Rahul Gandhi’s Defamation Trial is a Political Misfire by the RSS
As Rahul Gandhi pleads ‘not guilty’, here’s why RSS may face unwanted skeletons coming out during the trial.
Meet Satyaki Savarkar.
He is a software professional living in Pune. He’s also the centre of a criminal defamation battle between the Congress vice-president Rahul Gandhi and the Rashtriya Swayamsevak Singh (RSS).
Savarkar, Gopal Godse’s grandson, has said that he believes Nathuram Godse was an RSS member till he died. The crux of the criminal defamation case against Rahul Gandhi is whether he had declared the RSS, as an organisation, to be responsible for Gandhi’s assassination. Savarkar’s statement implies that Godse was a member of the RSS even after the assassination. Legally, this would make Rahul Gandhi’s statement not defamatory, but a statement which is ‘closer to truth for the public good.’
But, for both the RSS and the Congress, it is not the legal outcome of the case which is important.
The political cost of fighting the case is.
Can RSS Exorcise Godse’s Ghost?
Politics is about perception.
For the RSS, the criminal defamation case against Rahul Gandhi was a chance to disassociate itself from Nathuram Godse in public imagination. Doing so would leave them free to reinforce their role in the freedom struggle.
But, it was a good chance for RSS.
On 24 August 2016, Kapil Sibal, Rahul Gandhi’s lawyer told the SC that Gandhi never accused RSS, as an institution, for the assassination and offered a clarification – in lieu of criminal charges against Gandhi being dropped. But Rahul Gandhi chose to fight the case in court. And now, the RSS faces unwanted skeletons tumbling from its closet.
Rahul Gandhi’s team is using excerpts from Tushar Gandhi’s book Let’s Kill Gandhi!, Koenraad Elst’s Gandhi and Godse and AG Noorani’s The RSS And the BJP, among others as evidence, which the Congress has put up on its website.
A glance at these documents reveal information which could prove to be more damaging for the RSS than Gandhi’s statement. One of the excerpts quotes Nehru’s letter to Sardar Patel suggesting that Gandhi’s assassination was a “part of much wider campaign organised by RSS.”
With the 2019 parliamentary elections so close, surely the RSS wouldn’t want the ghost of Gandhi’s assassination hanging over its head.
A Political Risk for Congress?
For the Congress, the criminal defamation trial is all about one man: Rahul Gandhi.
Considered to be weak by observers, Rahul Gandhi’s decision to stand by his statement and plead ‘not guilty’ made him look as an assertive leader.
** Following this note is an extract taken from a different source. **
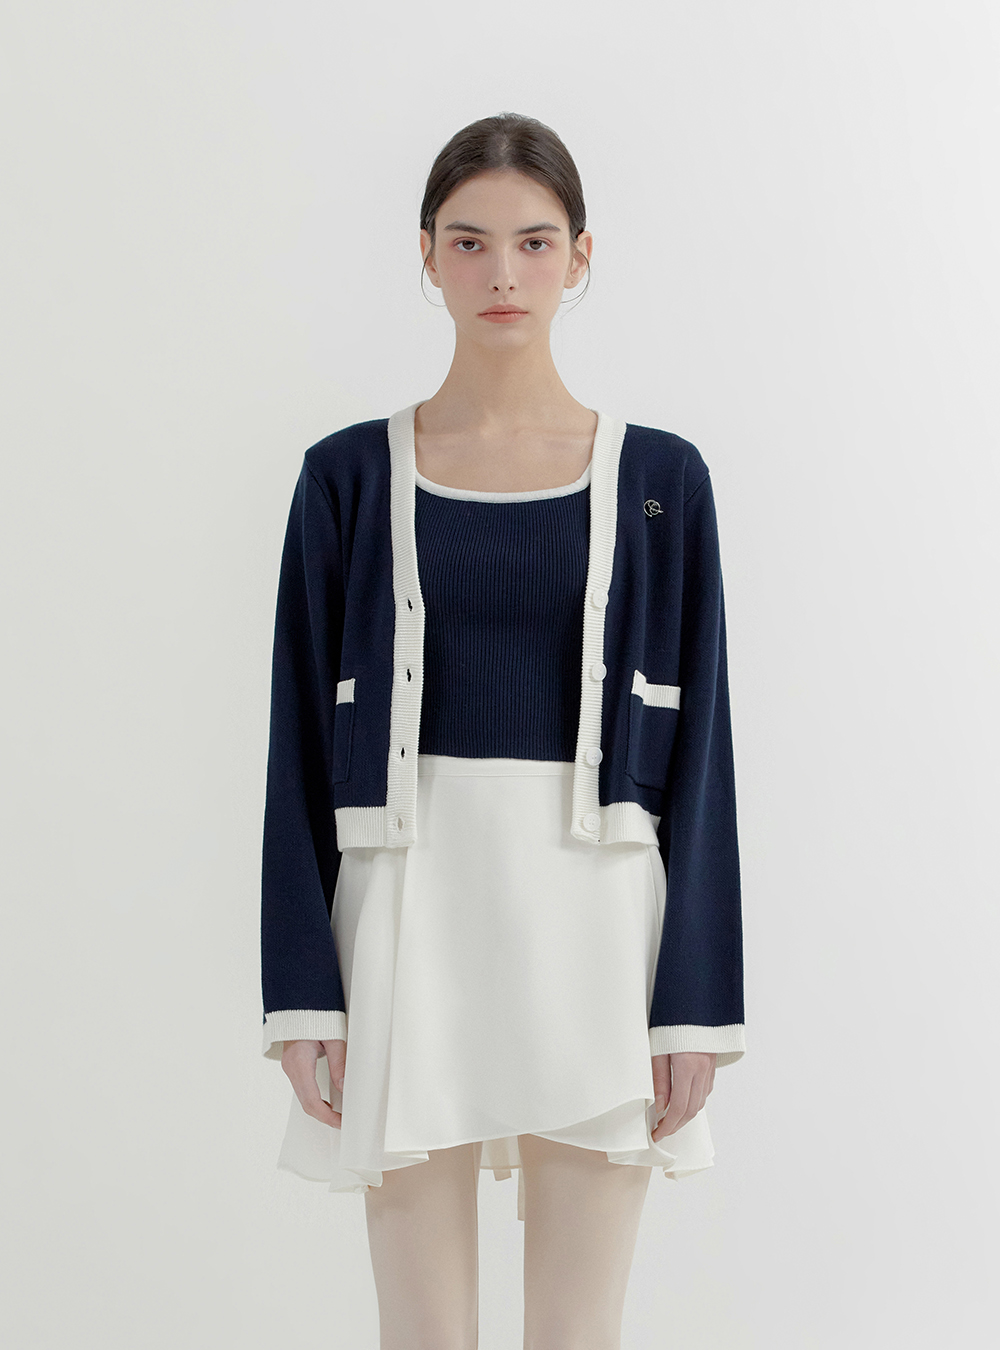 루이자 니트 슬리브리스 &amp; 카디건 세트  Luisa knit sleeveless &amp; cardigan set (2color)
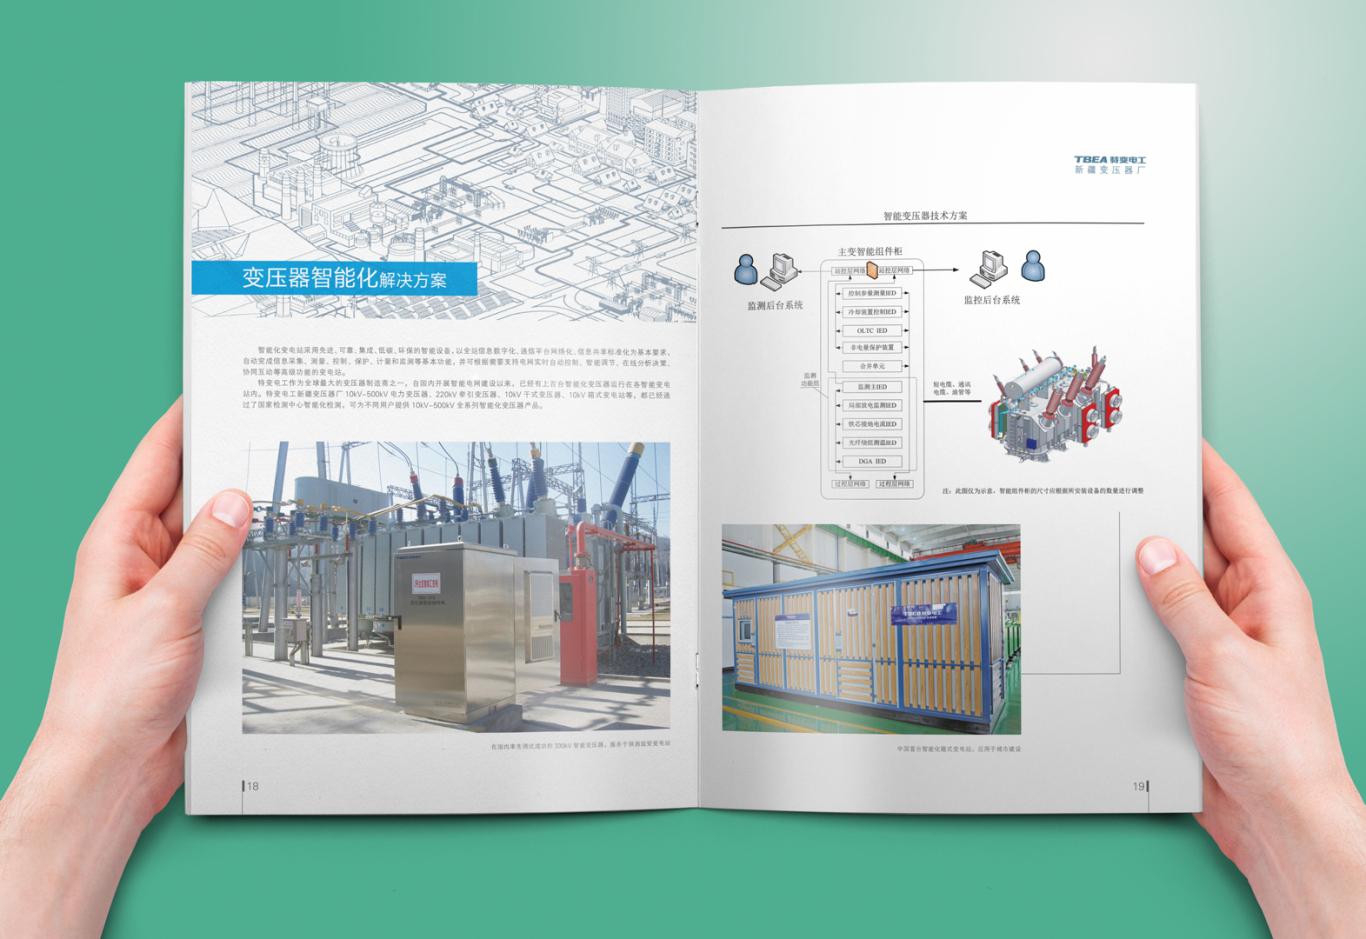 特变电工新疆变压器厂企业画册设计图3

With an eye on the 2019 elections, the Congress is keen to project the trial as a battle between ideologies.
RSS and Its Queasy Relationship with Nathuram Godse
The criminal defamation case against Rahul Gandhi is not the first time that the RSS has tried to disassociate itself from Nathuram Godse.
A similar defamation case was filed against Congress leader Arjun Singh in 2004. Singh had allegedly said, “Since the tragic and fateful evening of 30 January 1948 when the shots fired by Nathuram Godse killed the father of the nation at a prayer meeting, I am convinced that philosophy of hate and violence, which the RSS swears by, killed Mahatmaji.” The case remained unresolved until Singh’s death in 2011
In 2003, India Today published an article describing Mahatma Gandhi’s assasination with the line “Among the 300 people who greeted him that evening was Nathuram Godse, an RSS worker, who fired three shots at close range from his automatic 9 mm Beretta into the fragile chest of the Mahatma.” In his judgement on the defamation case, which was filed subsequently, the judge remarked:
Any imputation which is made presumably on the basis of the material, which, if not even entirely true, is near to the truth and inference as truthful as the truth itself; cannot be termed to be defamatory.
Interestingly, when the Rahul Gandhi defamation case was brought to the Bombay High Court, the judge disagreed with this judgement and argued that it was up to the accused (in this case Rahul Gandhi), to prove whether the statement was made in ‘good faith’ or not.
Whether the remark made in a rally in Bhiwandi in March 2014 was made in ‘good faith’ or not is a matter which will be intensely debated in the courts in the coming months. But as far as the political battle outside the courtroom is concerned, looks like RSS is losing this round. For now.